* [WHAT IS NEEDED] Retype the opening lines of the data exactly, stopping after the line that contains "Chess lesson for". Skip every picture.

* [INFORMATION PROVIDED]
——

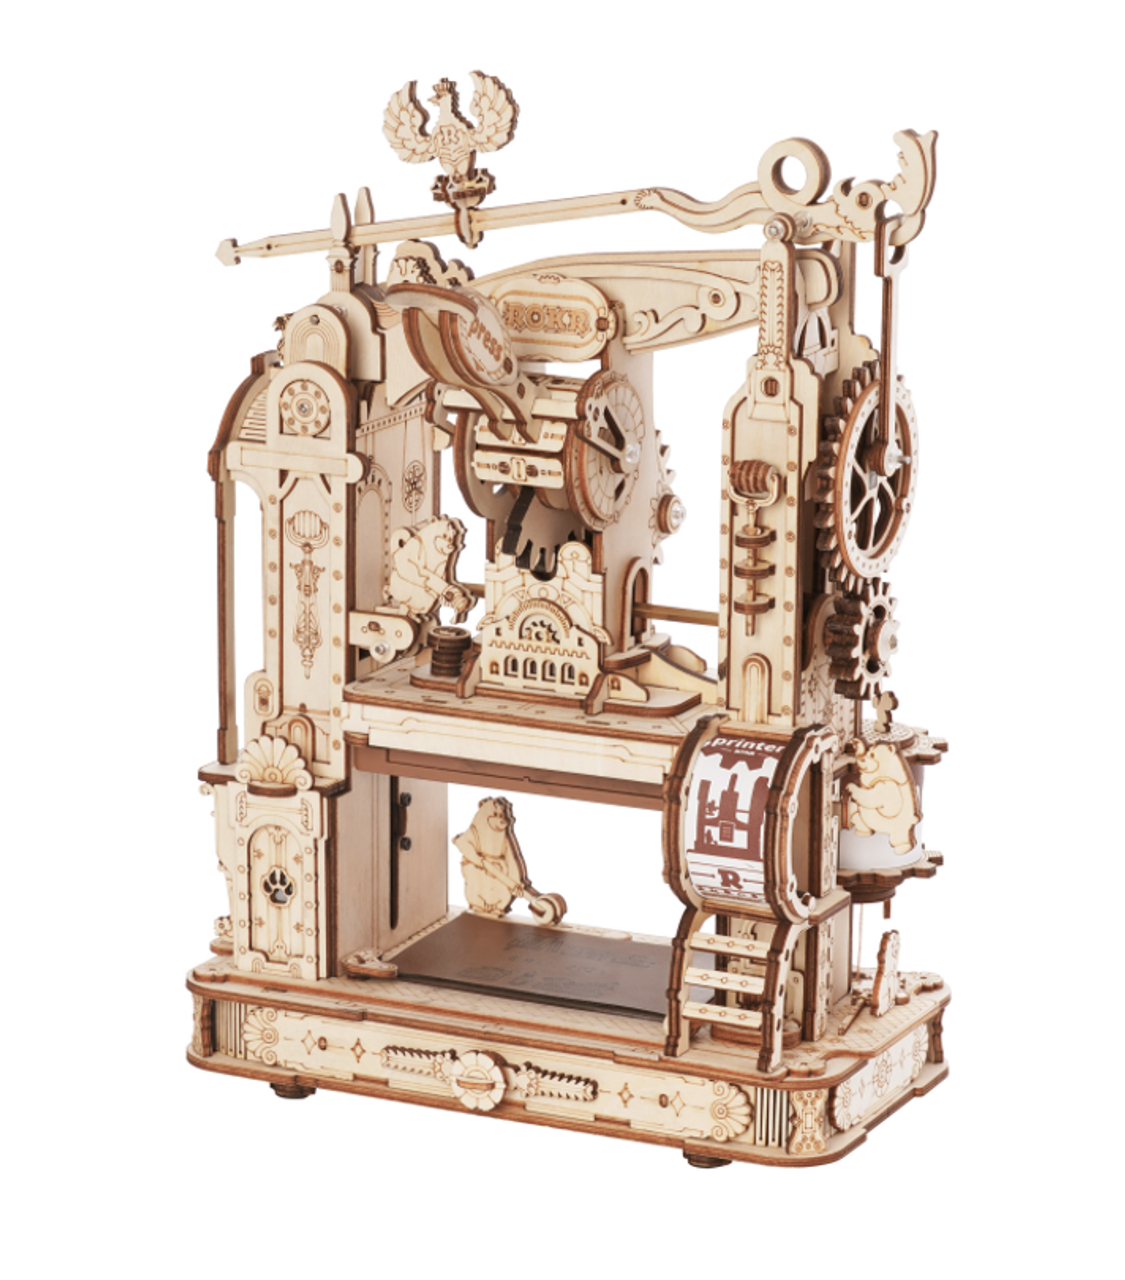 ROKR LK602 Printing Press 3D Wooden Puzzle Mechanical Kit Adult DIY Toy  XmasGift
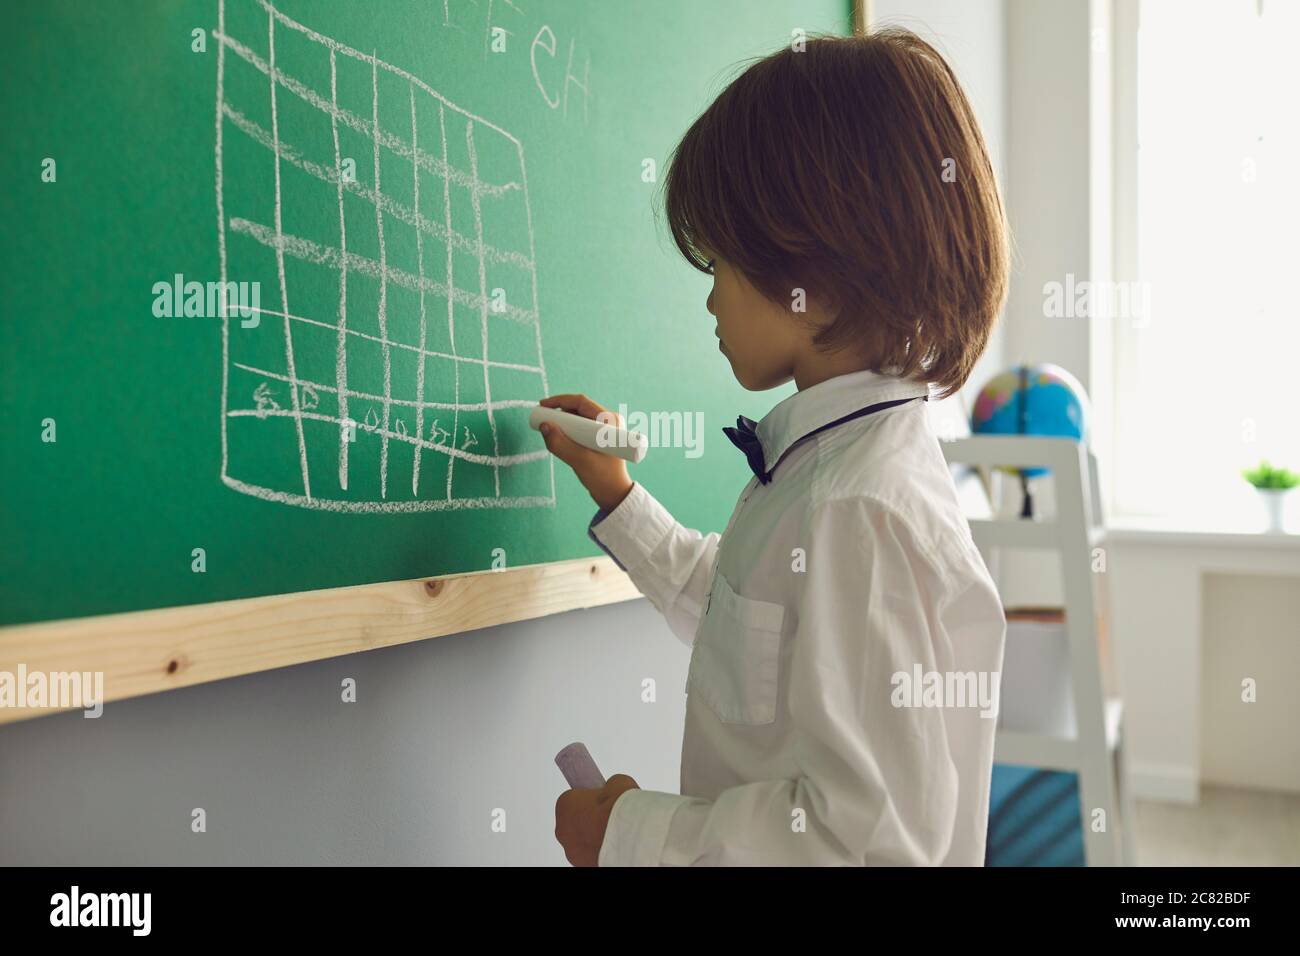 Chess lesson for children. Boy draws a chessboard on the green board in the classroom. Stock Photo
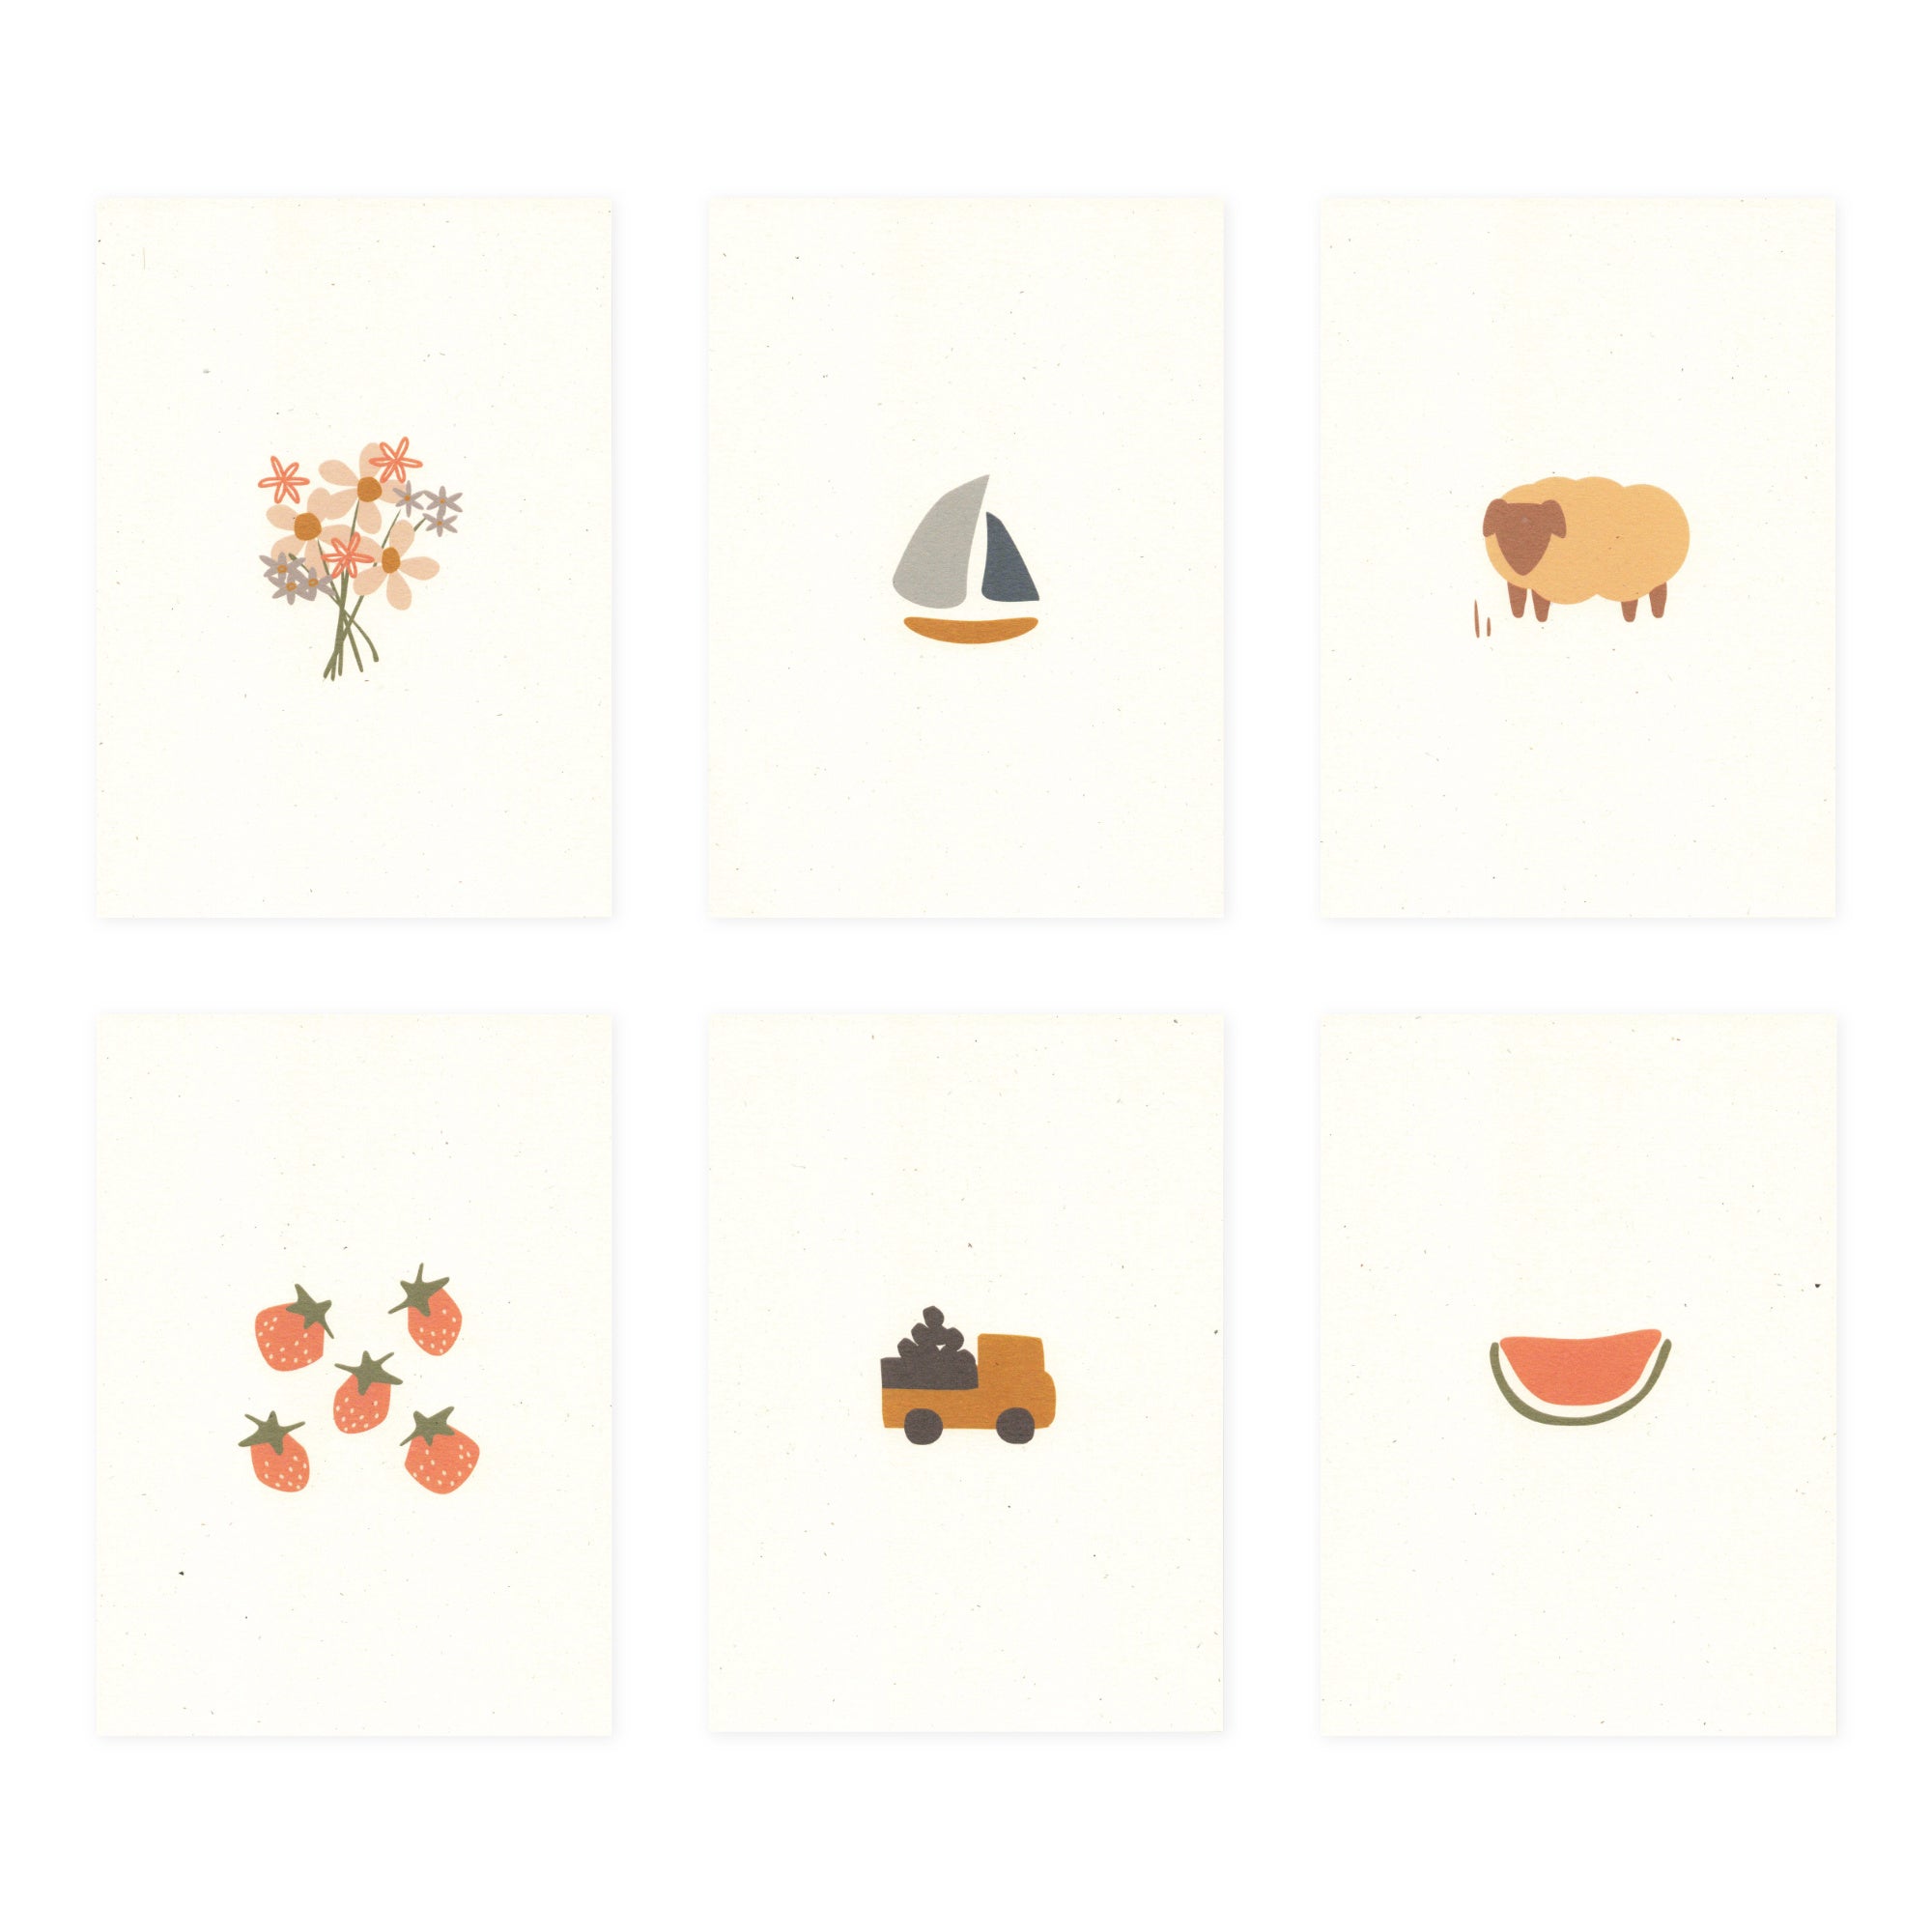 Six cute nursery prints on recycled, natural paper. The prints show: a bouquet of flowers, a small sailboat, a brown sheep, five strawberries, a small dump truck carrying boulders, and a slice of watermelon.

——

* [ANSWER FOR THIS EXERCISE]
 ROKR LK602 Printing Press 3D Wooden Puzzle Mechanical Kit Adult DIY Toy  XmasGift
 Chess lesson for children. Boy draws a chessboard on the green board in the classroom. Stock Photo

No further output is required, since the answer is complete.